Later still on Friday night, one of the organizers told me that if I were to raise these kinds of issues, specifically ‘medini’ I would be thrown out of “his circle,” of people or tents. Why? “Because the only war is a class war,” he said, as if he had just recently skimmed the cliff-notes.
“But why shut people’s mouths who do want to talk about this?” I asked. “After all, if everyone is here to speak his/her mind, why is one topic – and such a huge, relevant one – not legitimate?” The answer was a fumbling, “this is a different struggle. You can take that struggle anywhere else.” I believe they are the same struggle, I argued, or at least inextricably linked. It’s not a radical view – heaven help me, former Chief of Staff and now Kadima front-runner Shaul Mofaz made this very same point repeatedly in a Channel 2 television interview minutes before the rally on Saturday.

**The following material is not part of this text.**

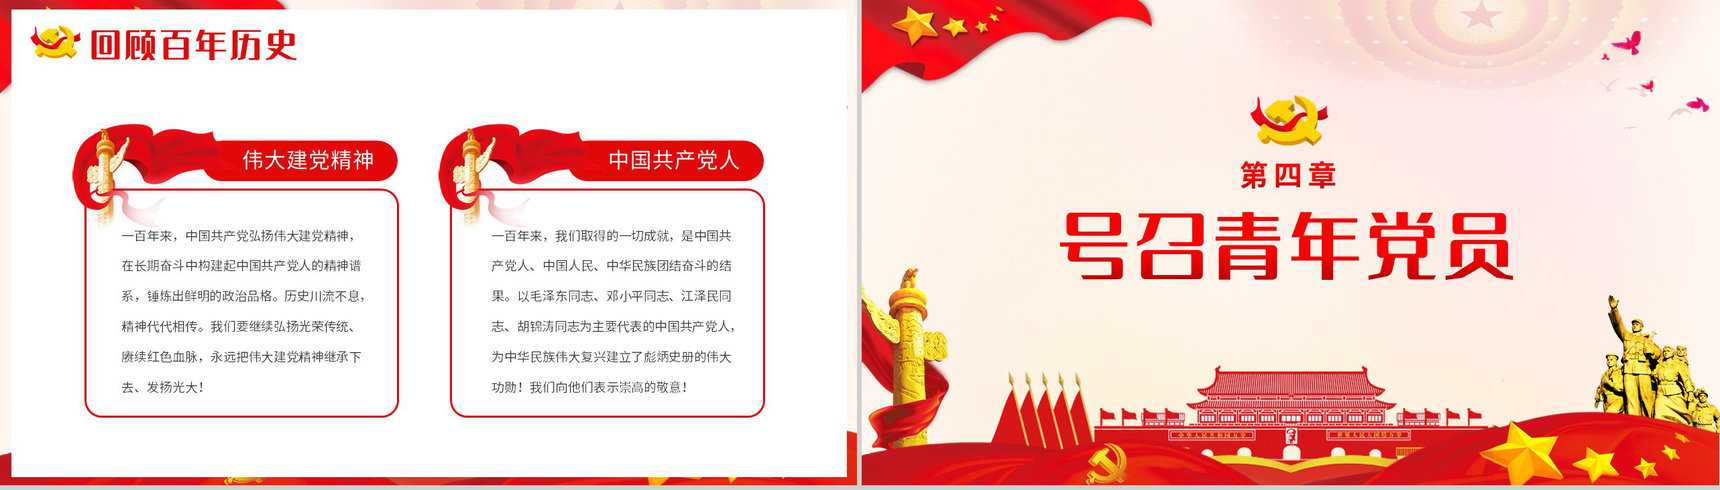 党政风庆祝中国共产党成立一百周年大会的总要讲话PPT模板-8

I tried to explain that they don’t have to agree, but to allow people to make any points they choose. “It it isn’t very democratic not to let people speak,” I retorted, getting frustrated.
“But democracy isn’t our struggle!” was the response.

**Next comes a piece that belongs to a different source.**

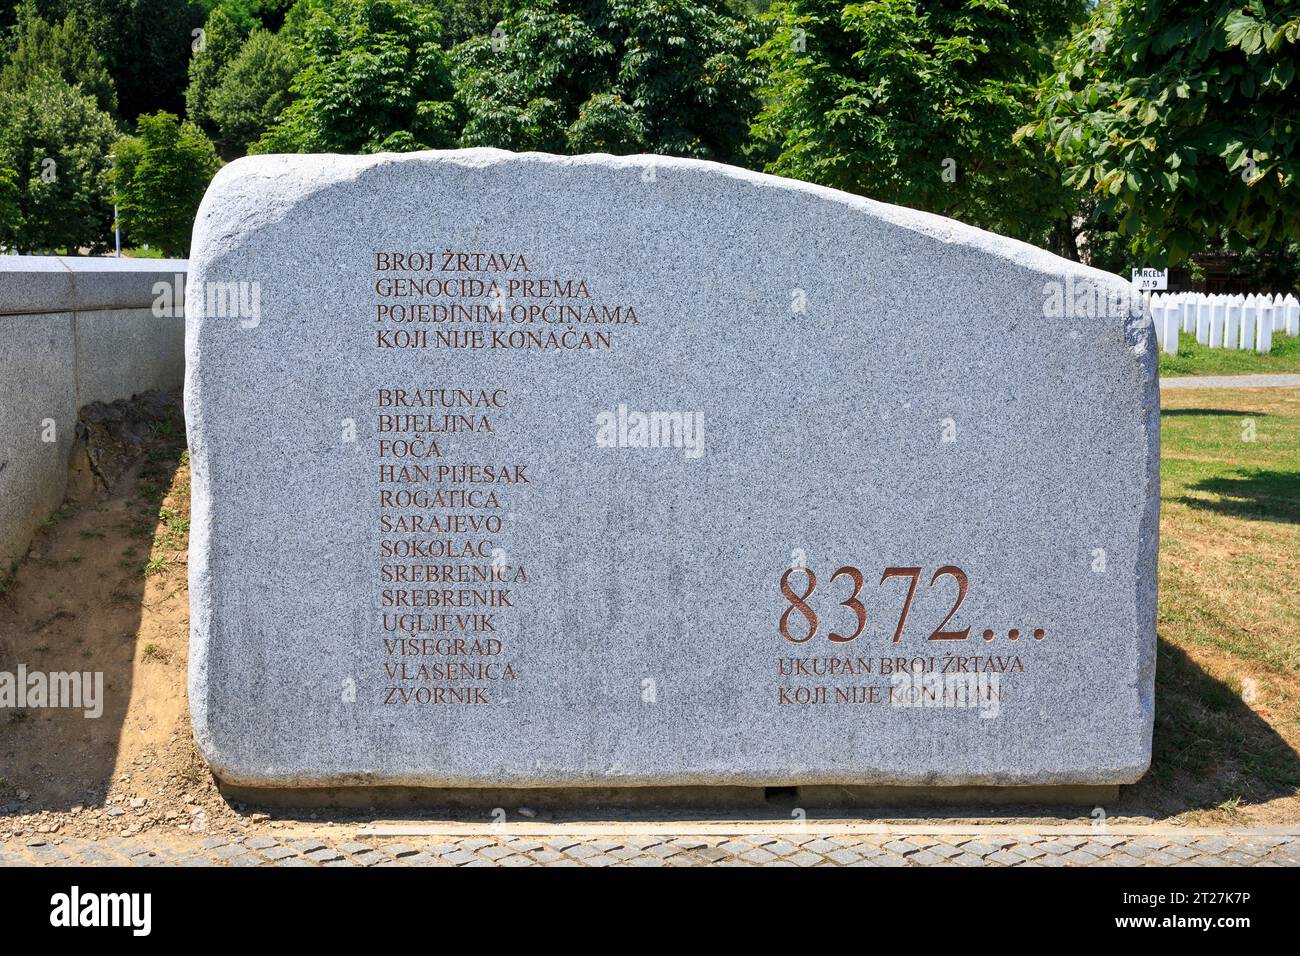 The Srebrenica Genocide Memorial Stone at Potocari, Bosnia and Herzegovina Stock Photo

And this was where I was left momentarily speechless. Here’s what I would have wanted to say:
1. Without a resolution to the Israeli-Palestinian conflict that determines final borders and full civil, human and national rights for all people between the Jordan and the sea, Israel’s budgetary and resource allocations will always be wildly distorted and harmful. We will forever worship the military and its disciples, and privilege them with the best opportunities, perpetuating social and economic inequalities. We will never feel secure in our Jewish identity as long as the conflict is not settled – therefore, we will forever try to impose it on all, or exclude others however possible – including in housing policy. Once we do this against one group, we can do it against any group. Social and economic priorities will never dominate in national elections because security and defensiveness will reign supreme. The parties most committed to social justice and equality (not coincidentally, these parties are left-wing on conflict-related affairs) are unlikely to win power.

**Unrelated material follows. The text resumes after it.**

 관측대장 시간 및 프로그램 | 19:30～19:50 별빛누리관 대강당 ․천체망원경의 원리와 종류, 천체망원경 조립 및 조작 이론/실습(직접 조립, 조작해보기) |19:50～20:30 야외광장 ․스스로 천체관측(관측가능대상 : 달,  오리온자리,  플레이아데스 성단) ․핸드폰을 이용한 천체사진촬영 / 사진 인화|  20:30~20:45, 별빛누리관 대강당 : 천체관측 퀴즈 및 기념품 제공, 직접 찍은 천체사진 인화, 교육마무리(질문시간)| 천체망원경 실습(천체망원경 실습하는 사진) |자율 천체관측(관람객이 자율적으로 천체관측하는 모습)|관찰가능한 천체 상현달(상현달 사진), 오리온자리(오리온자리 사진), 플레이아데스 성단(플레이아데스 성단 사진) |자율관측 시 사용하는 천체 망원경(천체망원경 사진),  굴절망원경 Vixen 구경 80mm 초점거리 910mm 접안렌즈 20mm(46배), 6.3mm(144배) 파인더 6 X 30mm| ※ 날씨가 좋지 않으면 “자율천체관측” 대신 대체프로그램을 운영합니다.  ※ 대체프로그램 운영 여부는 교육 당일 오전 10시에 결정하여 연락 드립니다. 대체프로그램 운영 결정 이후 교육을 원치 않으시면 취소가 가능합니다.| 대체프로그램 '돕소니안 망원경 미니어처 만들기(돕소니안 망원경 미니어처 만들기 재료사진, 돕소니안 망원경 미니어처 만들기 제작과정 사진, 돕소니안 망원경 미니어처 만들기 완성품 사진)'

2. Without total freedom of all people in this ‘revolution’ to speak about all possible solutions to social and economic problems, there will be no true opening of minds and a great opportunity will be lost. The revolution will slowly begin to mirror the present, self-censorship will prevail, to be followed by the closing of minds and eventually the closing of democracy. The new language of civilized discourse will be wasted: It’s nice if we can cross our arms silently and respectfully to express disagreement over details of housing policy, on which most of the protestors largely agree. It’s useless if we can’t cross our arms silently and respectfully to talk about the most painful divisions – in that case, we can expect more of the same.
Lately there’s been critique of Israeli boasting its ultra-progressive attitudes towards GLBT rights, to deflect attention from illiberal, non-progressive attitudes towards Palestinians in the West Bank and inside Israel, or away from anti-democratic legislative trends. Some call it “pink-washing.”
We hope the housing and social protests don’t turn into “house-washing.” These protests might come and go and not a single word about the occupation will be officially mentioned. For a ’social justice revolution’ this is tragic or, perhaps, it is just not a social justice revolution.